This is this morning's refrain, the words and sensations circulating through me as I reflect on yesterday's visit with my sister and her family. It was so much better than I expected, so good in so many ways, so simple and easy.
And oh my goodness, my niece Elizabeth is exactly like Carla was at her age: adorable, open, playful, affectionate, chatty, impish, sweet and smart. A little bubbling force of nature, happy happy happy. It was so good to see her and to see, especially, how obviously The Kid was genuinely delighted by her. Truly, truly it was so good to see the next generation take to each other, his patience at Elizabeth's tiny-fingered attempts to pull his whiskers, his willing participation as human jungle-gym, his big and real smiles.
It's as though for two hours, we were all of us at our best, just like Elizabeth -- at our most human, our most open, our most good.
At our very goodest.
The three of us showed up around 1, as promised, with lunch. My stomach was in a knot as we waited outside the door of their apartment, hearing the sound of the locks turning. What awaited us? After so long and such recent bad news from the doctors, what would we see? Would we get along? Would there be any of the bitter, angry attacks on my parents from my brother-in-law that broke us up in the first place? Would we feel horribly uncomfortable with their religiosity, judged and mystified?
And then my sister opened the door, and all of that vanished completely. She was changed obviously, her movements tentative, her speech slurred, but she's still herself. For two hours we were in Elizabeth's world. At our goodest.
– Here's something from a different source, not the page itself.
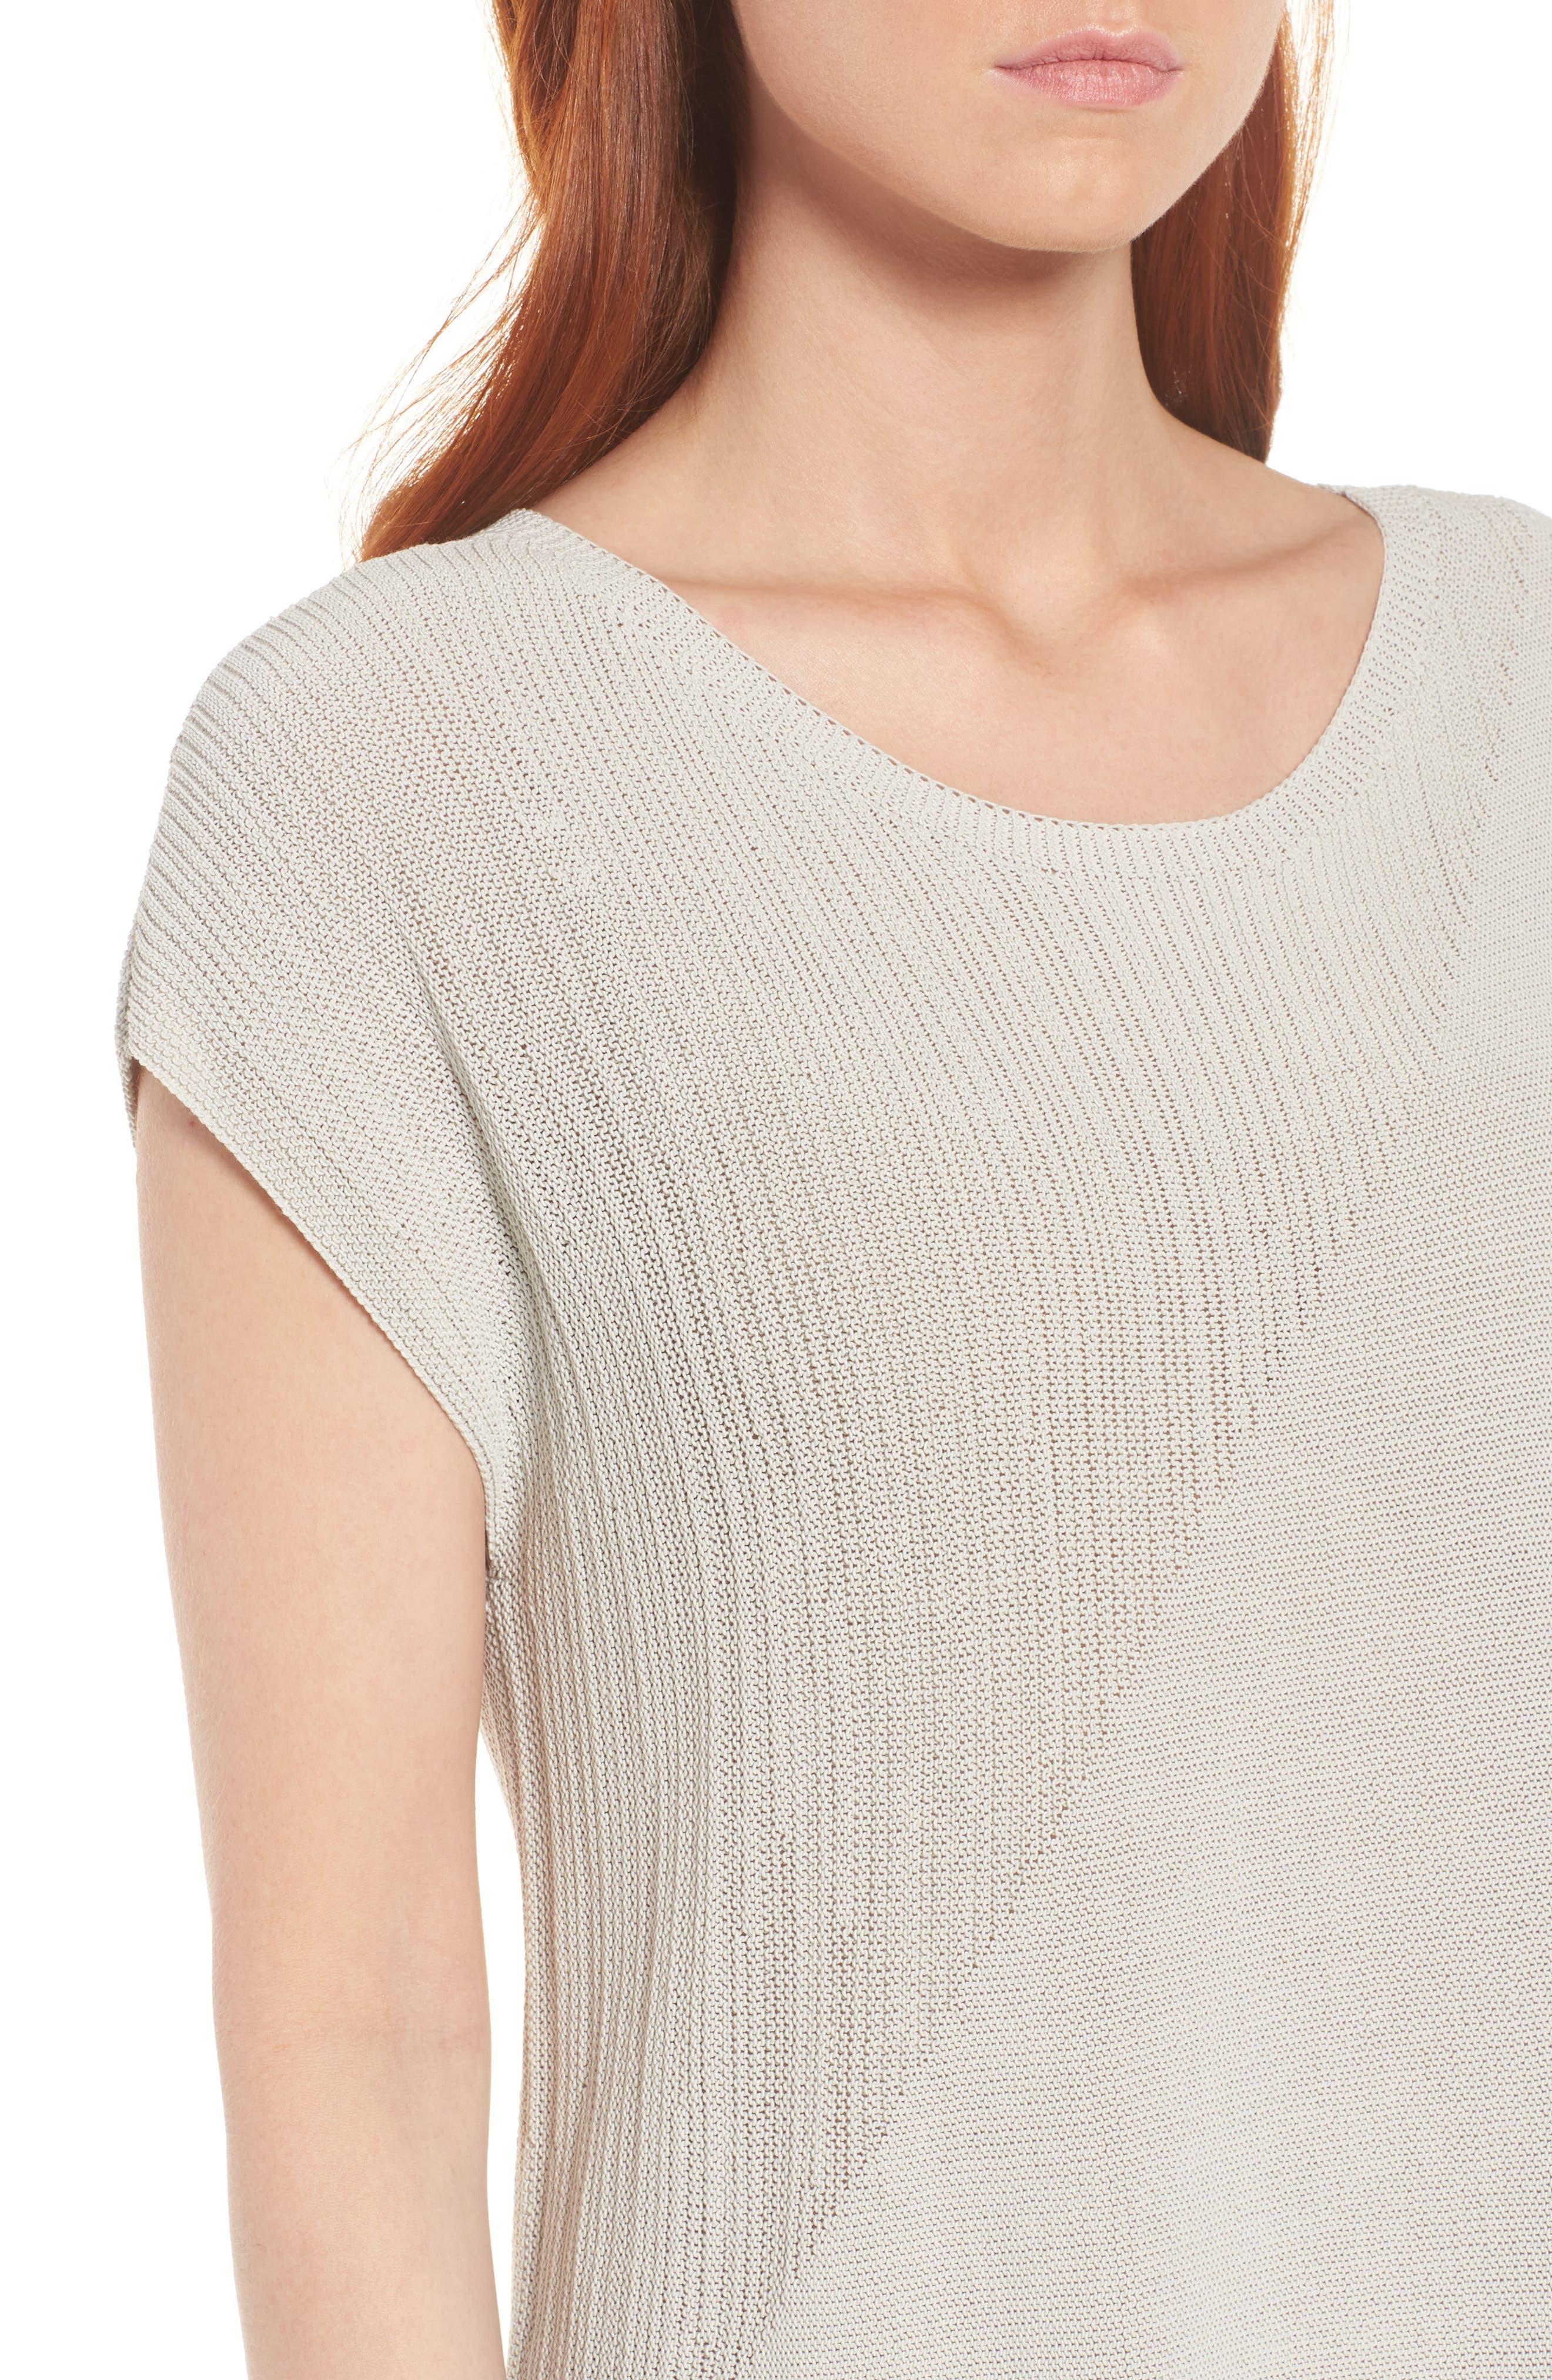 Organic Cotton Tunic Top,                             Alternate thumbnail 4, color,                             Bone

My sister and family live in a ground floor two-bedroom apartment with a little shared paved yard behind. A Christmas tree, too tall according to Elizabeth, occupies a corner by the front window. We used the four drinking glasses + two mugs of my sister's making for our lunch at the coffee table in front of the couch. A computer with a Madonna screensaver (the Virgin Mary, not Madonna Louise) dominates the kitchen table. A copy of Who's Who in the Bible sits on top of a guide to wine in a stack of books on a shelf. Rosaries and images of Jesus are all over. For most of our visit, my brother-in-law is on the phone, wrangling with insurance and doctor's office representatives to ensure that my sister's next round of chemo is covered.
We don't talk about it so much, the cancer. We eat burgers and drink Coke, laugh at Elizabeth, catch up on what we've missed. We watch my sister go through the album I've brought her, mostly pictures of herself when she was little, something I thought she would particularly love to share with her daughter. Mostly we are entertained by Elizabeth herself, whose perpetual motion and good cheer keep us rooted in the present, stop us being swept up in any past or future concerns. I am grateful for the opportunity to see my sister, to hear her voice, to hang around with Elizabeth, to be with their family.
Everything is all at once so complicated and so simple, so painful and so beautiful. But I realize that if I make like Elizabeth, remain in the right now right now, if I stop telling myself the story of what's happening (god damn it, my sister is dying), then everything stays simple and lovely and funny.
And good. Bubbling up through everything, goodness, like an effervescent Elizabeth, keeping us clear and present with what's right in front of us. Good.